Lectrice passionnée de Buzzati, Delphine est devenue spécialiste de son œuvre à laquelle elle a consacré de nombreux travaux. Elle a ainsi traduit ses nouvelles inédites en France, publiés dans la collection Pavillons : Nouvelles inquiètes (2006), Nouvelles oubliées (2009).

C'est naturellement qu'elle en est venue, depuis plusieurs années déjà, à prendre en main l'Association des Amis de Dino Buzzati dont la vocation est de diffuser, de faire connaître et d'étudier l'œuvre de l'écrivain italien. La soirée de hier soir s'inscrivait donc naturellement dans sa démarche. Et c'est une salle pleine, composée de nombreux universitaires, d'italianistes et d'italiens francophiles, mais aussi de jeunes (parfois très jeunes) qui accueillit avec chaleur le réalisateur et se passionna pour les aventures de l'ourson Tonio, de son père le roi Léonce et d'Ermelina, la jolie et gentille jeune gitane. Samedi, c'était autour du jeune public de découvrir le film dans une séance qui leur était réservée.

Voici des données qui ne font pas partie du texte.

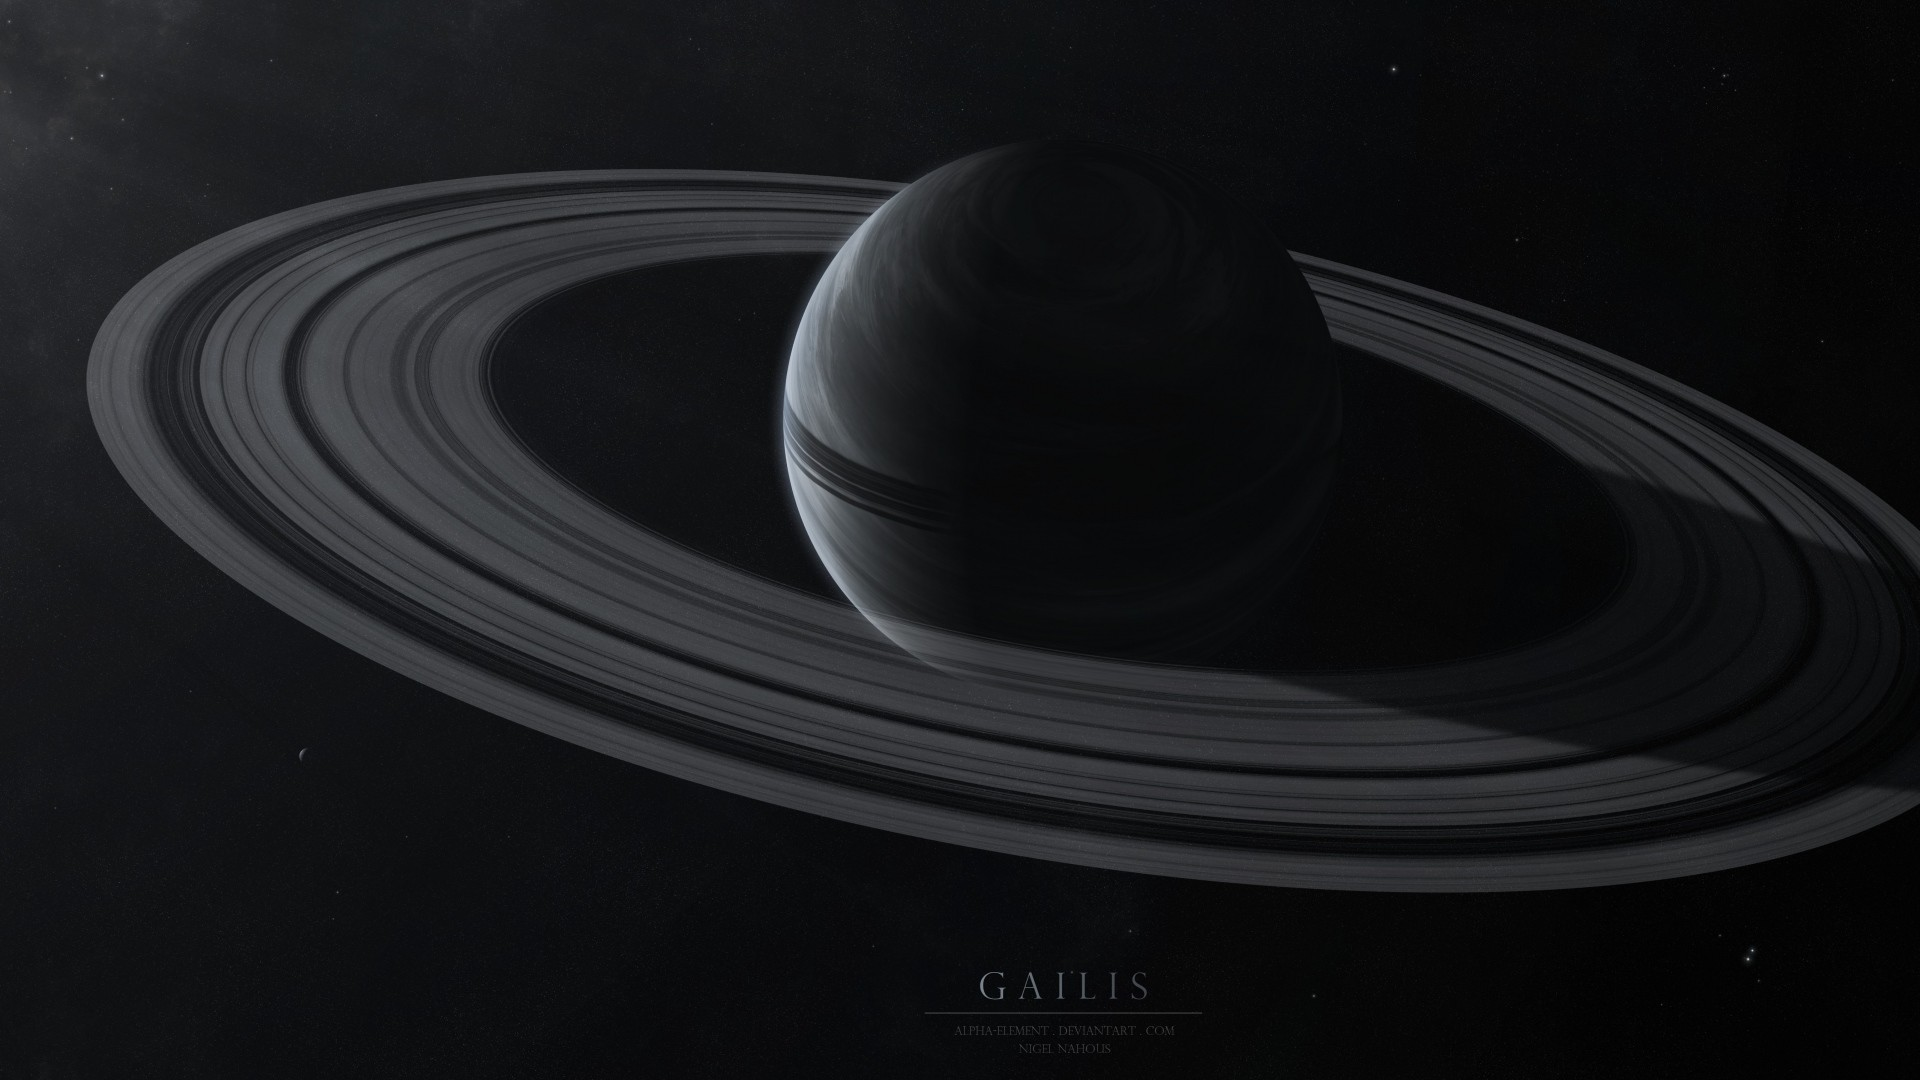 … Background Full HD 1080p. Wallpaper gailis, planet, rings,  stars, space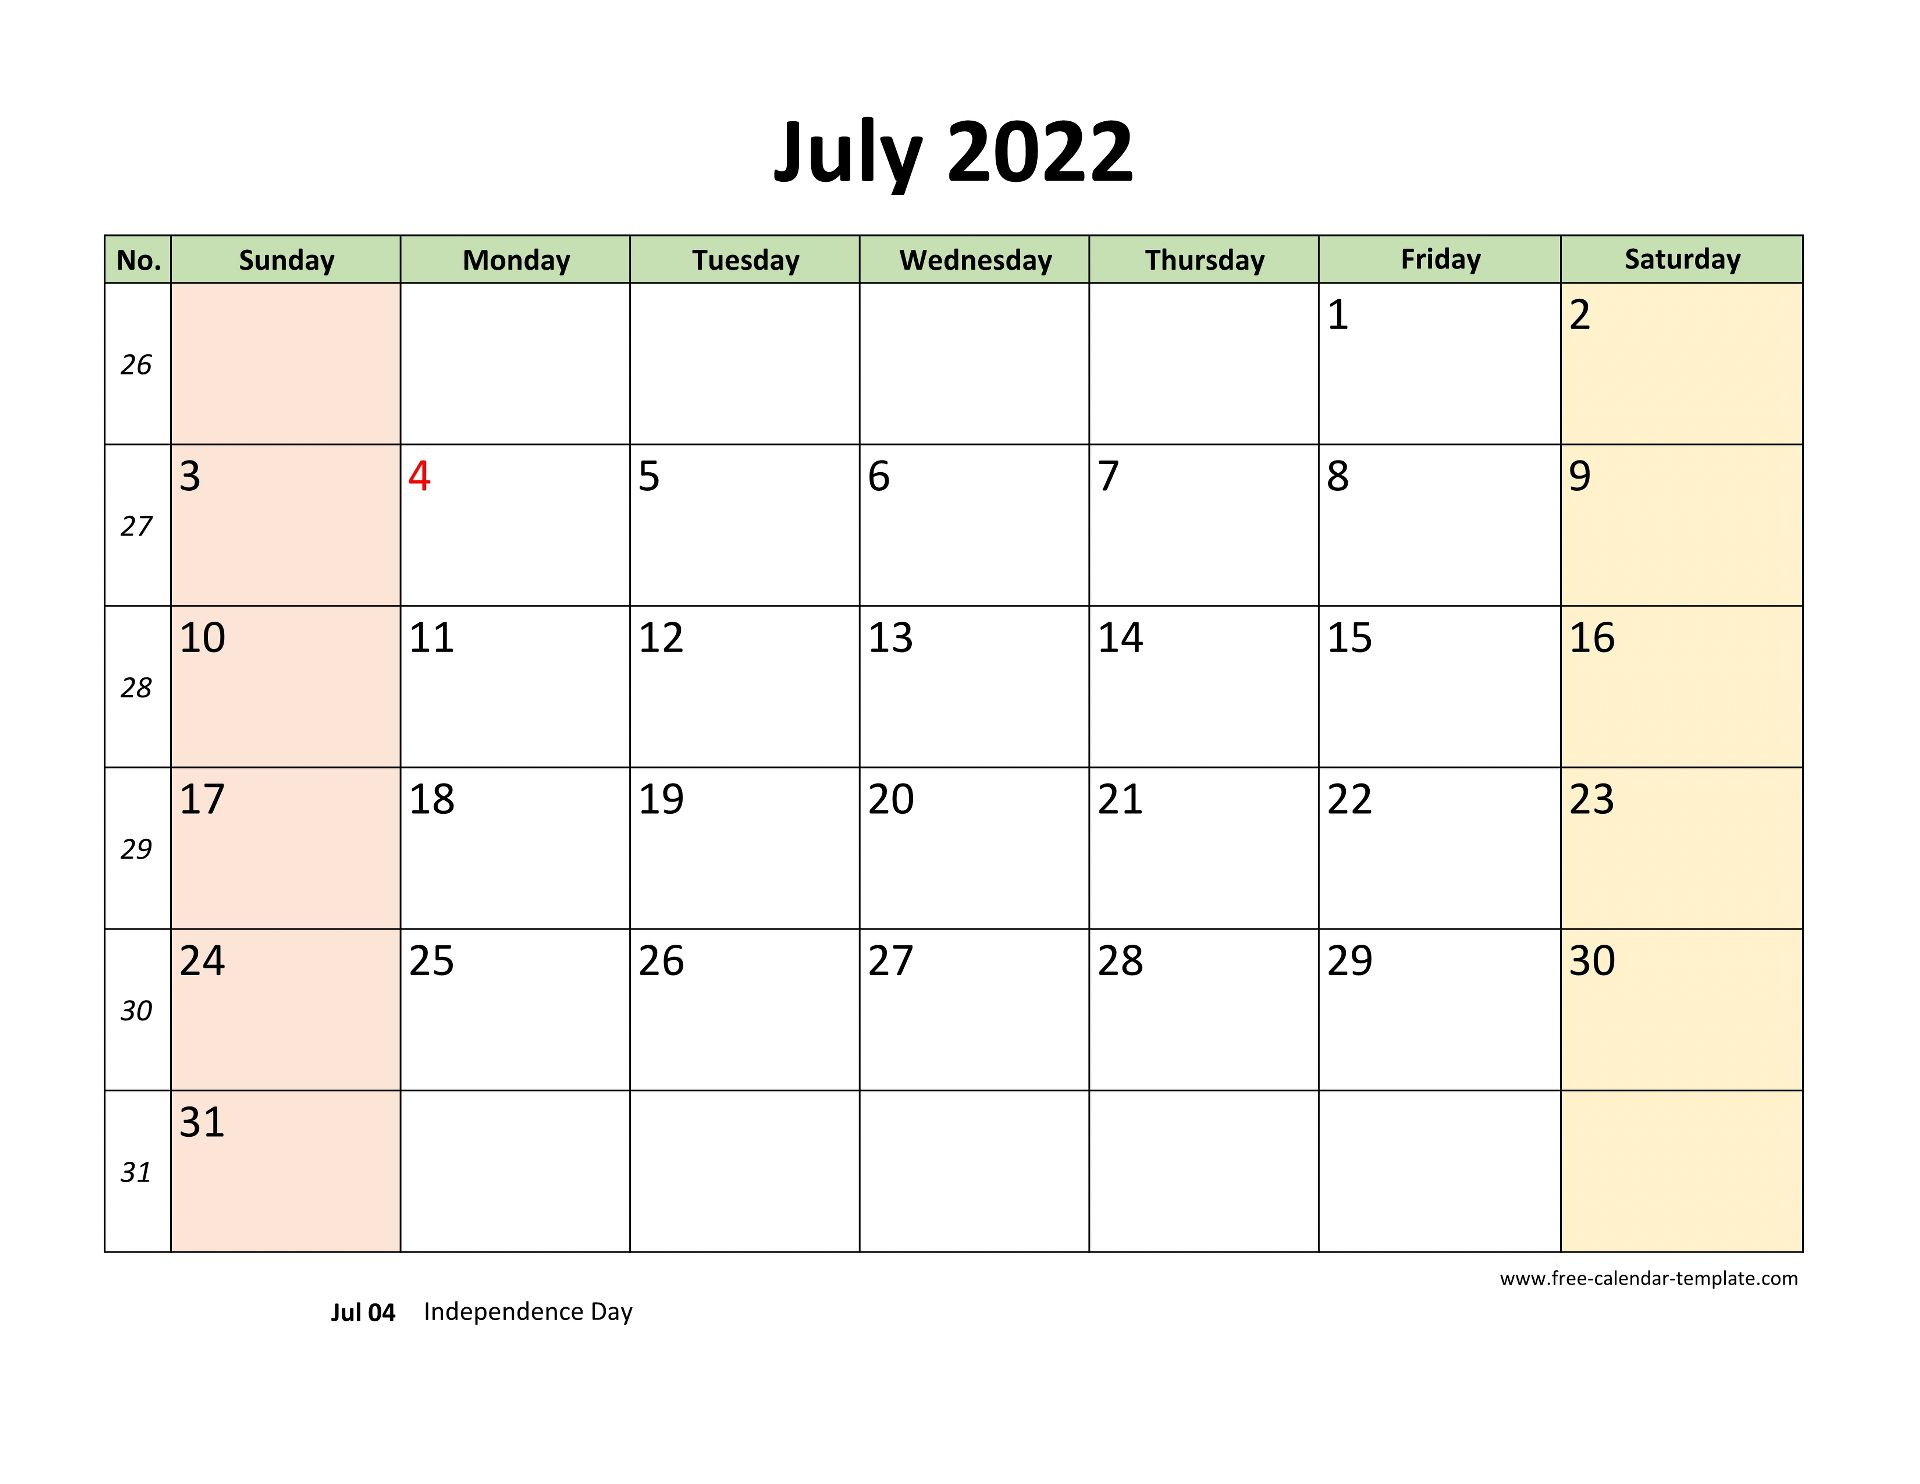 June July 2022 Calendar.July 2022 Calendar Printable With Coloring On Weekend Horizontal Free Calendar Template Com

Rappelons le sujet du film.
Inspiré du roman pour enfants de Dino Buzzati publié en 1945, le film se présente comme une fable remontant en des temps légendaires, où la Sicile était partagée en bonne intelligence entre les ours et les humains, les uns vivant dans les montagnes, les autres dans les plaines. Jusqu’à ce jour d’hiver où Tonio, fils de Léonce le roi des ours, est capturé par une bande de chasseurs. Son père, figé dans l’hébétude et le désarroi, entraîne son peuple affamé à l’assaut des terres habitées par les humains, à la recherche de son fils. Les ours descendent alors en colonnes rangées vers la vallée, et affrontent vaillamment les troupes du grand-duc de Sicile…

1 heure 22 minutes de plaisir !
Cela donne un  film d'animation - on disait autrefois un "dessin-animé" - d'une heure et vingt-deux minutes,  surprenant, d'une beauté incroyable, une réalisation de qualité où rien ne cloche, où tout est grandiose sans que rien ne soit en trop, où la délicatesse et l'émotion s'insinuent avec naturel et emportent les suffrages des plus rétifs. Un grand film donc, qui démontre combien les français et les italiens sont passés maîtres dans ce domaine. Ils rivalisent désormais, voire dépassent avec ce film les anciens champions de l'animation Dream Works, Pixart et Disney ! A voir l'accueil incroyable que le public bordelais (et italien, car il y avait des vénitiens et des milanais parmi le public) a fait au film dans la salle comble de l'Utopia et les applaudissements spontanés et très nourris, personne ne pouvait en douter.


Déjà la présentation du film encore inachevé au festival d'Annecy en juin de l'année dernière, puis au festival de Cannes de cette année, avait montré l'enthousiasme du public et des critiques (cf l'article de Guillemette Odicino paru dans Télérama le 15/06/2018: ICI). La critique ne s'y est pas trompée qui a vraiment apprécié le film. Partout de superbes commentaires comme celle du journal Le Monde, qui résume bien le travail obtenu par l'équipe de Lorenzo Mattoti, après une gestation de cinq longues années  :  
« Ce qui frappe d’emblée, à la découverte du film, c’est la haute ambition d’un travail d’animation qui ne se contente pas ici d’illustrer une histoire, mais invente un univers unique, joue avec les formes et les couleurs, enchante le regard à chaque instant. »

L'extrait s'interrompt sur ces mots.